Every season, London Fashion Week rolls around and the same ritual unfolds. Established brands march their collections down the runway, press scribbles notes they’ll forget, influencers angle for the perfect street style shot, and the rest of the world scrolls Instagram. Nestled in the chaos is the Master of Arts graduate show from Central Saint Martins.
Naturally, when a fashion school shows up on the schedule, there’s a collective sniff, “cute students.” Seems like we sometimes forget that those students once became Alexander McQueen, John Galliano, Stella McCartney, Phoebe Philo, Grace Wales Bonner, and I can’t help but think of my own professor back in the day, whose sketches still stick in my head. CSM arguably breeds some of the most creative designers around. Unlike brands obsessed with sales forecasts, this is where actual experimentation happens, and each year, we get lucky enough to see it raw.

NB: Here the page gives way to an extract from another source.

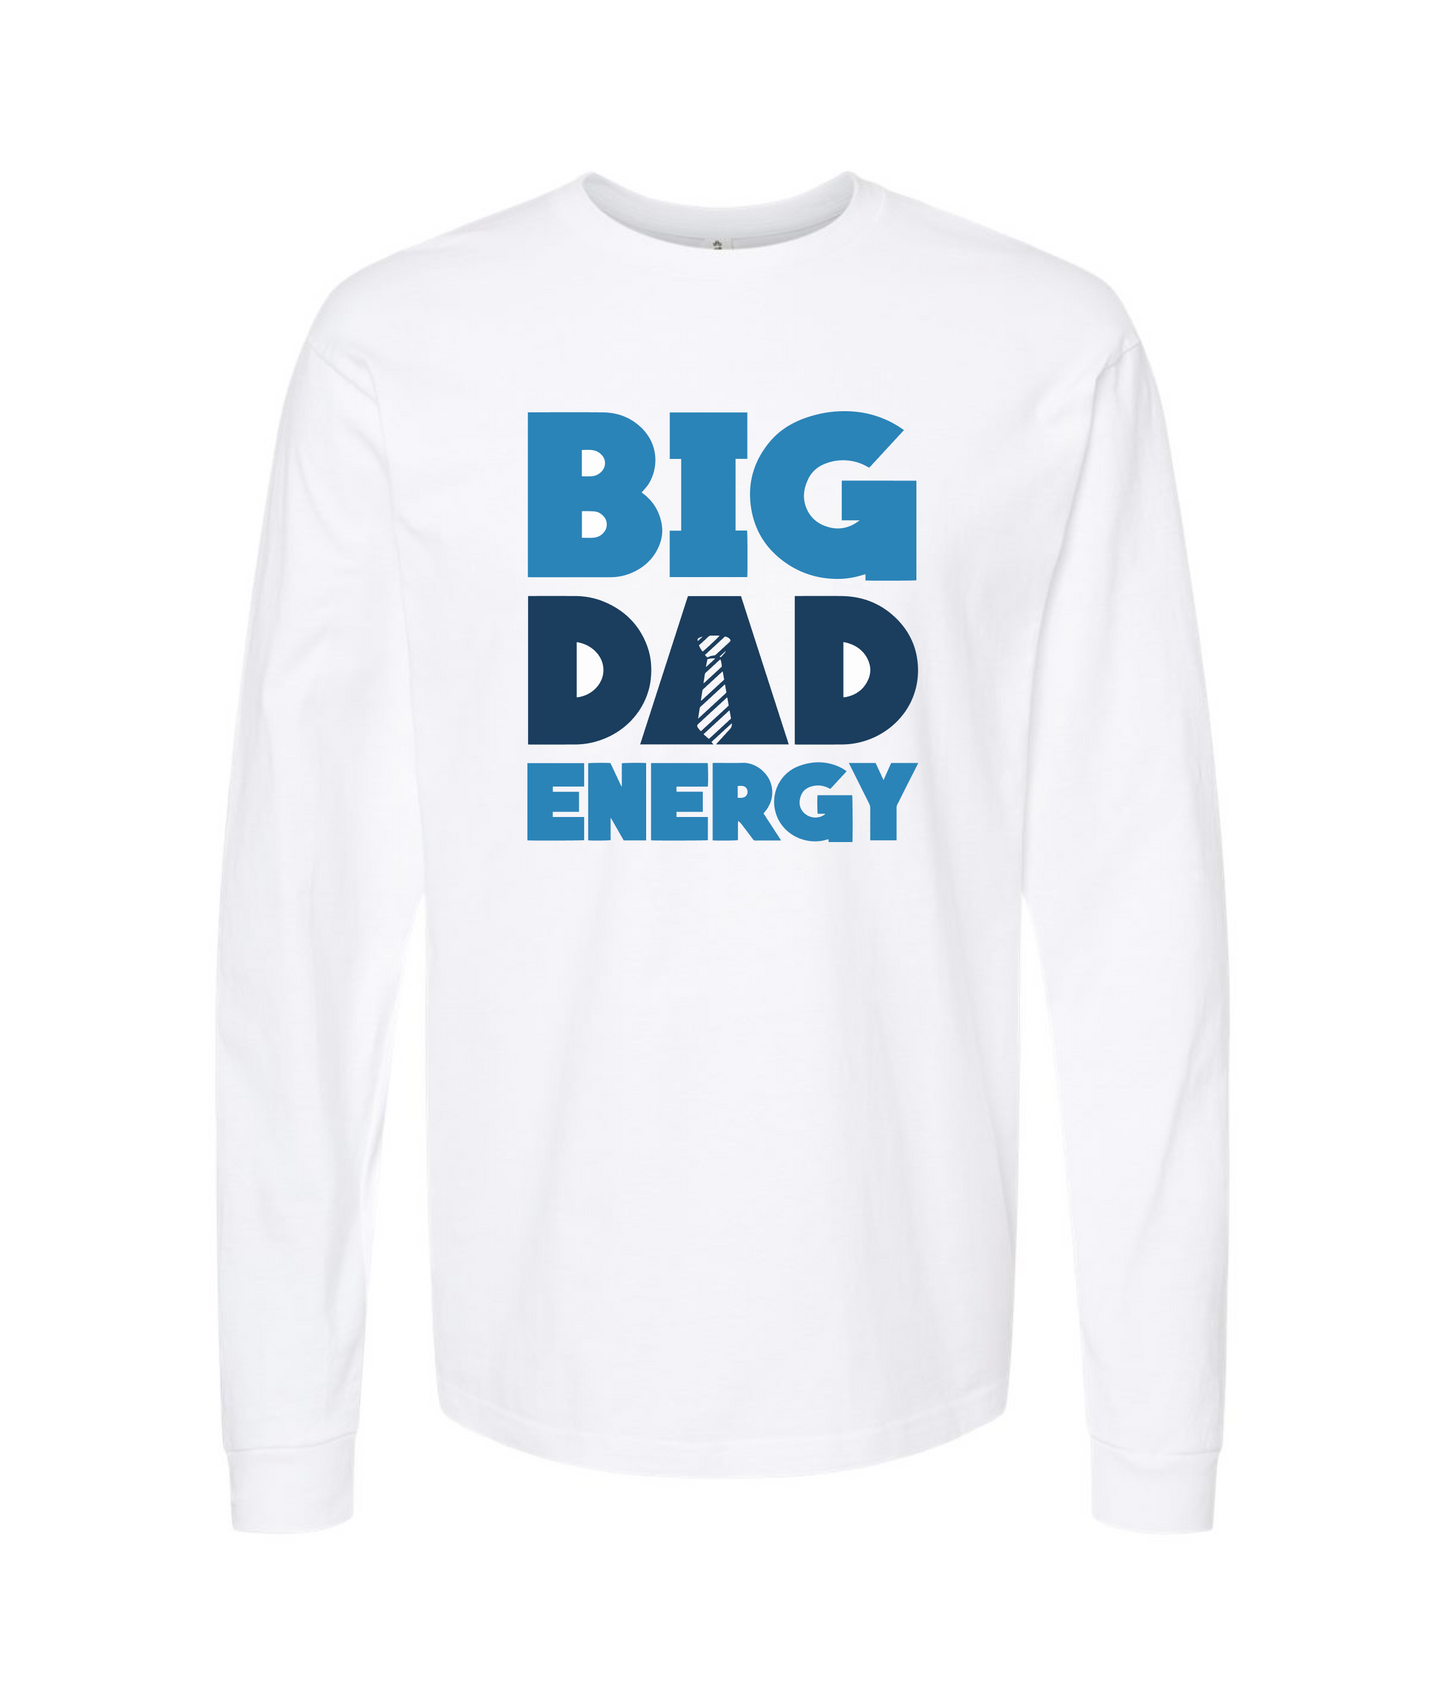 Big Dad Energy - White Long Sleeve T

Days later, I’m still haunted by one emerging designer, Macy Grimshaw. But years before her work haunted me, it had already won over Harry Lambert, and he was backing her again. The stylist jumped in to assist a collection of 9 looks, my favorite being the “Blown-Away” dress. Denim and paper on grid-cut leather that feels like a gate left to rot, which looked like a canvas had floated down and landed on it.

Another leather moulded bodice included her class’s cigarette butts, multi-faceted girl. “The best way to make friends at CSM is via smoke break, whether you smoke or not,” she told Harper’s Bazaar. So what does one do? Patiently wait for the chatter to die down, collect the debris, coat it in resin so it doesn’t get that ‘been in the sun too long’ stench, and fuse it onto the outfit. Rusty gates, old locks, pencil shavings, fences, graffiti, petaled denim, and dresses printed with photos of other dresses, were all part of Grimshaw’s universe, in which honestly, I’m trapped. And I like it here.